Given the line $(x, y, z) = (1, -3, 2) + t(-2, 4, 7)$, find planes to satisfy the following conditions:
A plane which is intersected by the line at the point $(3, -7, -5)$,
A plane which is not intersected by the line,
A plane that the line lies on.
The course content doesn't cover this specifically so I have no clue how to approach answering it.
I'll get you started and then you try to finish it. This will give a plane NOT intersected by the line.
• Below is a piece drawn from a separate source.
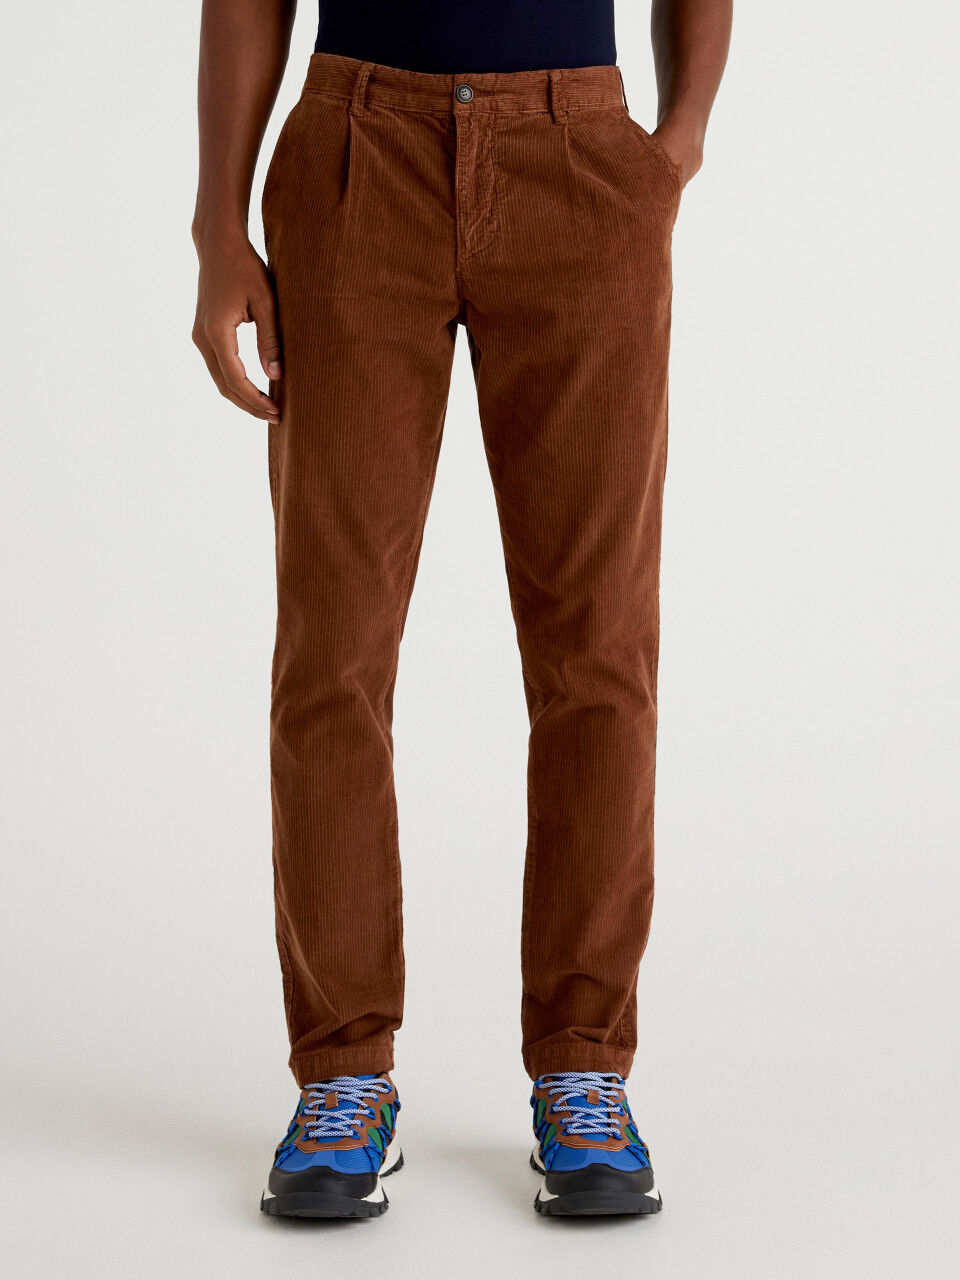 United Colors of Benetton Casual Trousers  Buy United Colors of Benetton  Men Grey Solid Slim Fit Casual Trouser Online  Nykaa Fashion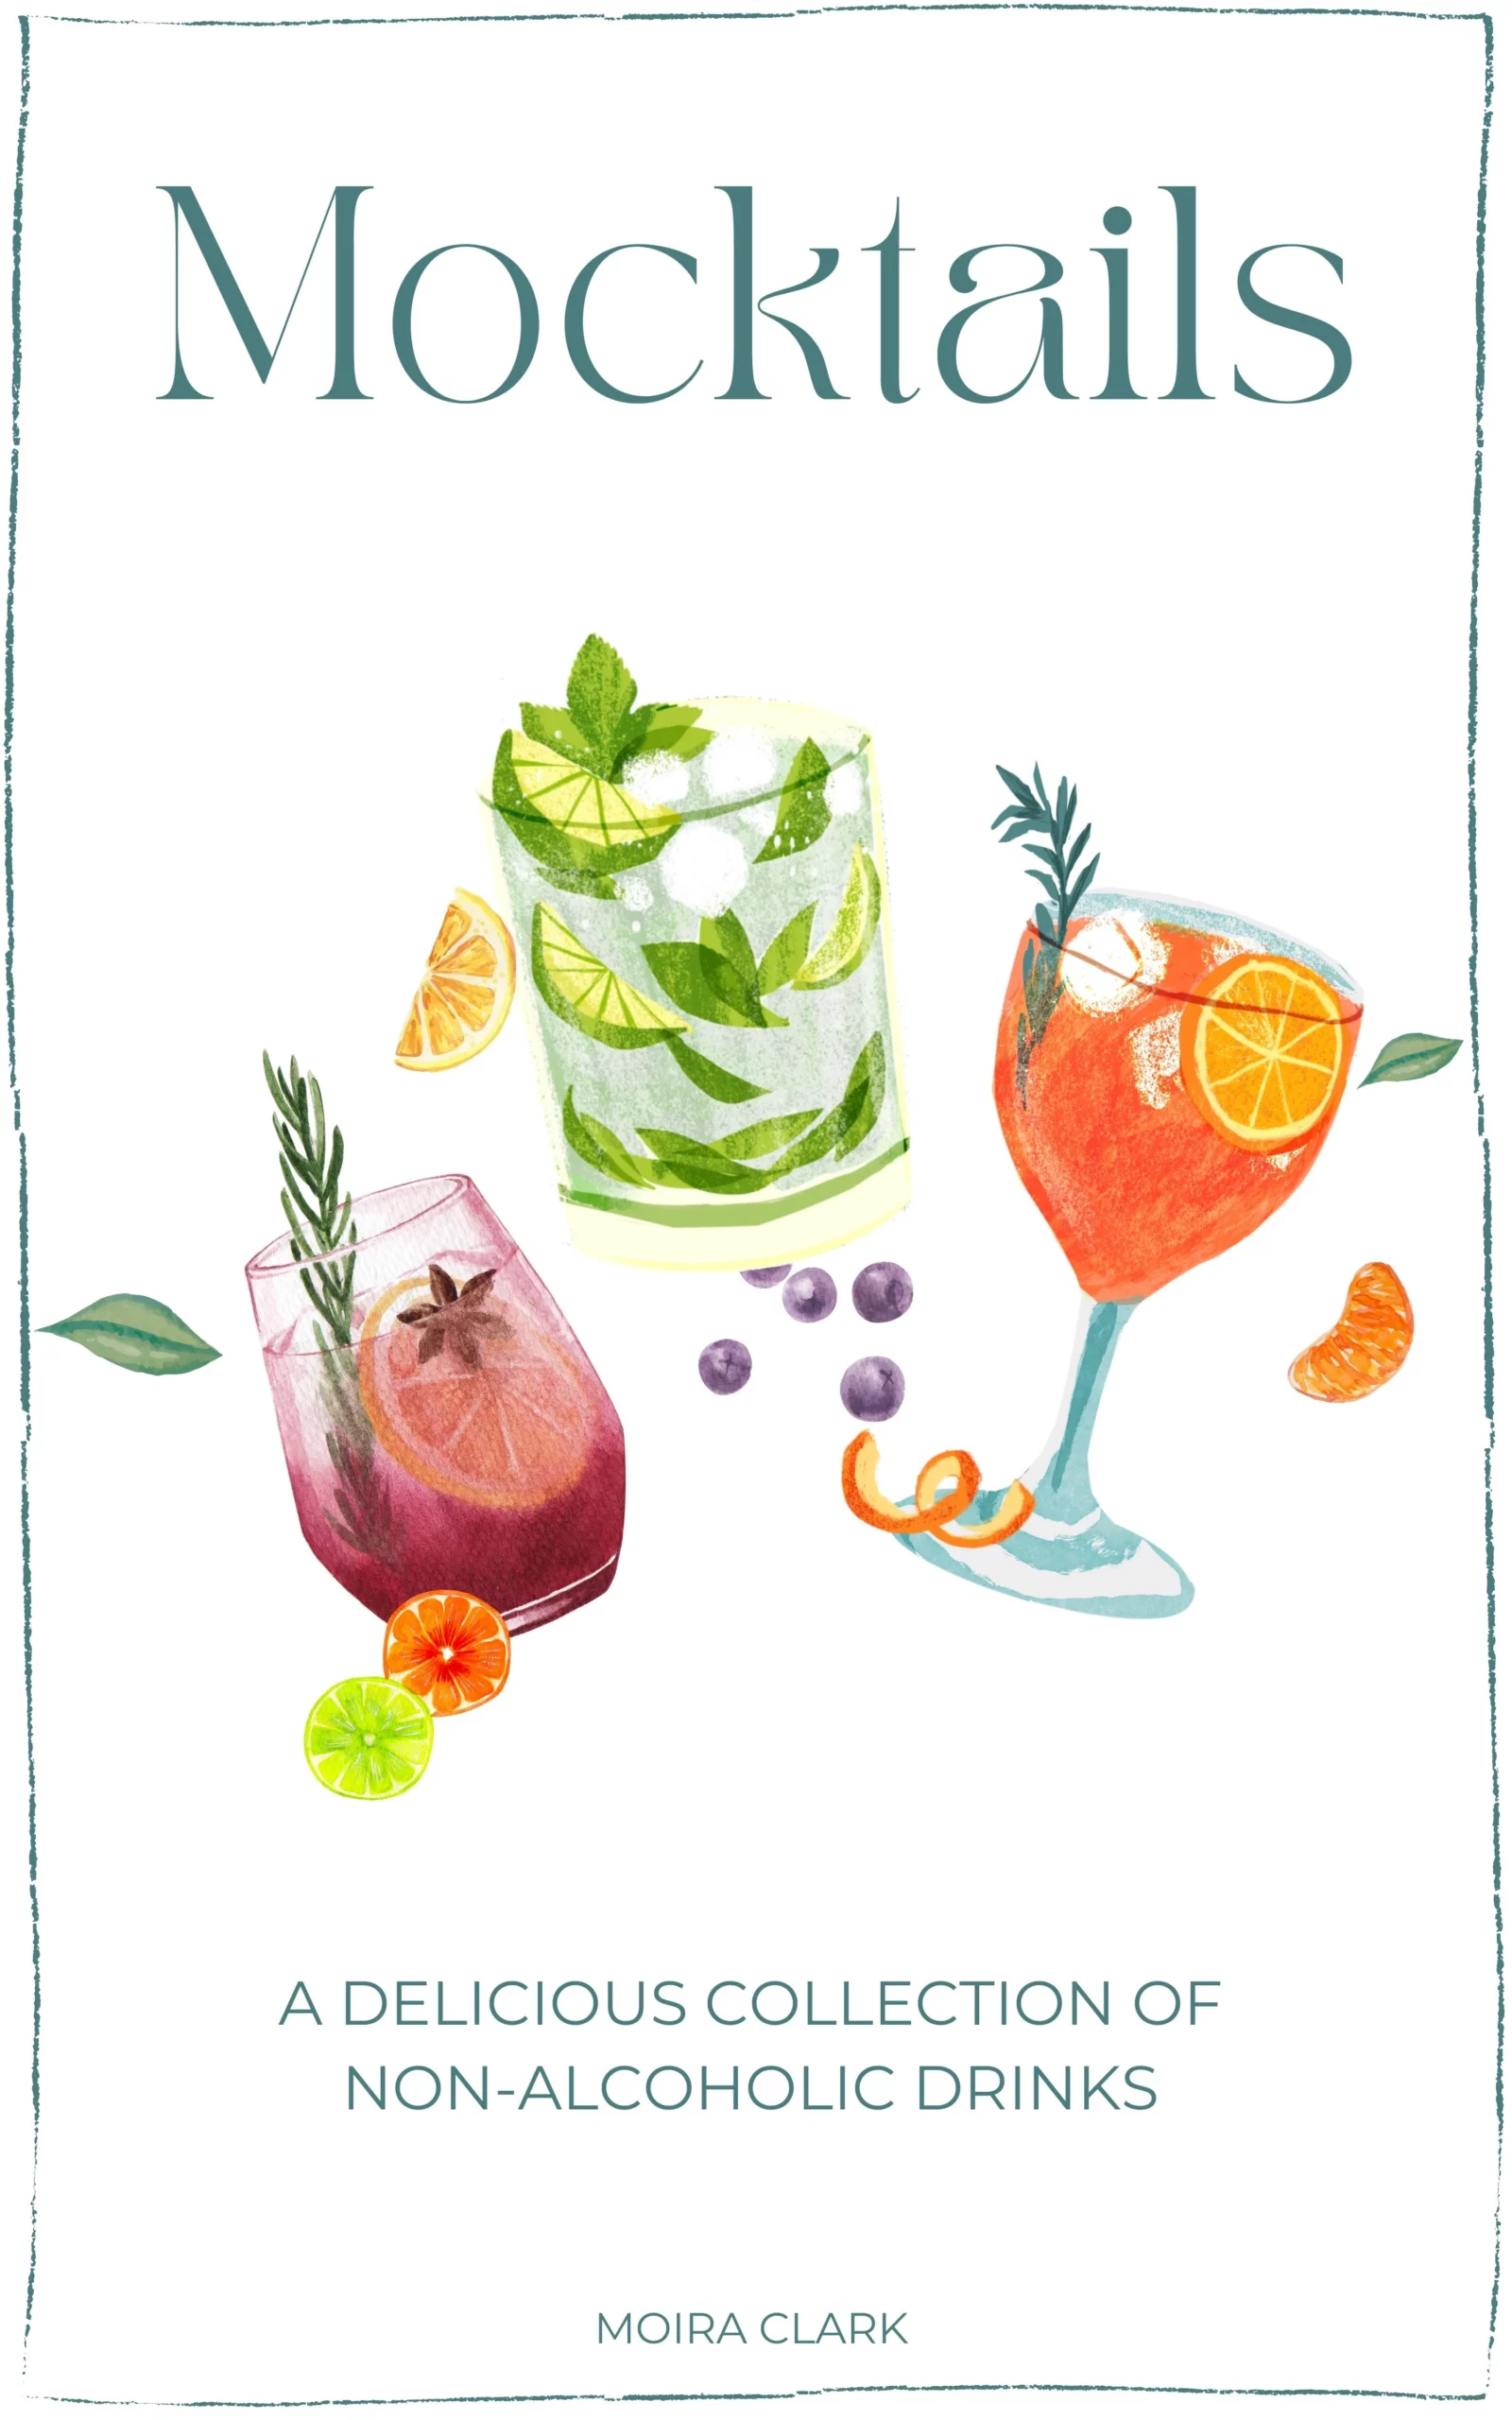 Mocktails: A Delicious Collection of Non-Alcoholic Drinks

To find a vector that is perpendicular to your line, form the dot product of the line's direction vector and this unknown orthogonal vector. Like this:
$$\left(\begin{array}{c}-2\\4\\7\end{array}\right)\cdot\left(\begin{array}{c}x\\y\\z\end{array}\right)=\left(\begin{array}{c}0\\0\\0\end{array}\right)$$
Next, pick two values for $x$ and $y$. It doesn't matter, but I like to pick $x=4$ and $y=2$. (reverse x & y and change the sign of one of them). $$\left(\begin{array}{c}-2\\4\\7\end{array}\right)\cdot\left(\begin{array}{c}4\\2\\z\end{array}\right)=\left(\begin{array}{c}0\\0\\0\end{array}\right)$$ Now solve for z. You can pretty much see by inspection that z will be 0. Thus an orthogonal vector to the line is (4,2,0). Now pick a point that is not on the line. Let's call it P and you figure out what coordinates it has. A plane that is parallel to the line and passes through point P will be $$\left(\begin{array}{c}4\\2\\0\end{array}\right)\cdot\left(\begin{array}{c}x\\y\\z\end{array}\right)=\left(\begin{array}{c}4\\2\\0\end{array}\right)\cdot\left(\begin{array}{c}P_{x}\\P_{y}\\P_{z}\end{array}\right)$$ By & by, it is totally possible to pick a P that is not on your line, but still causes this plane to pass through your line, so be careful.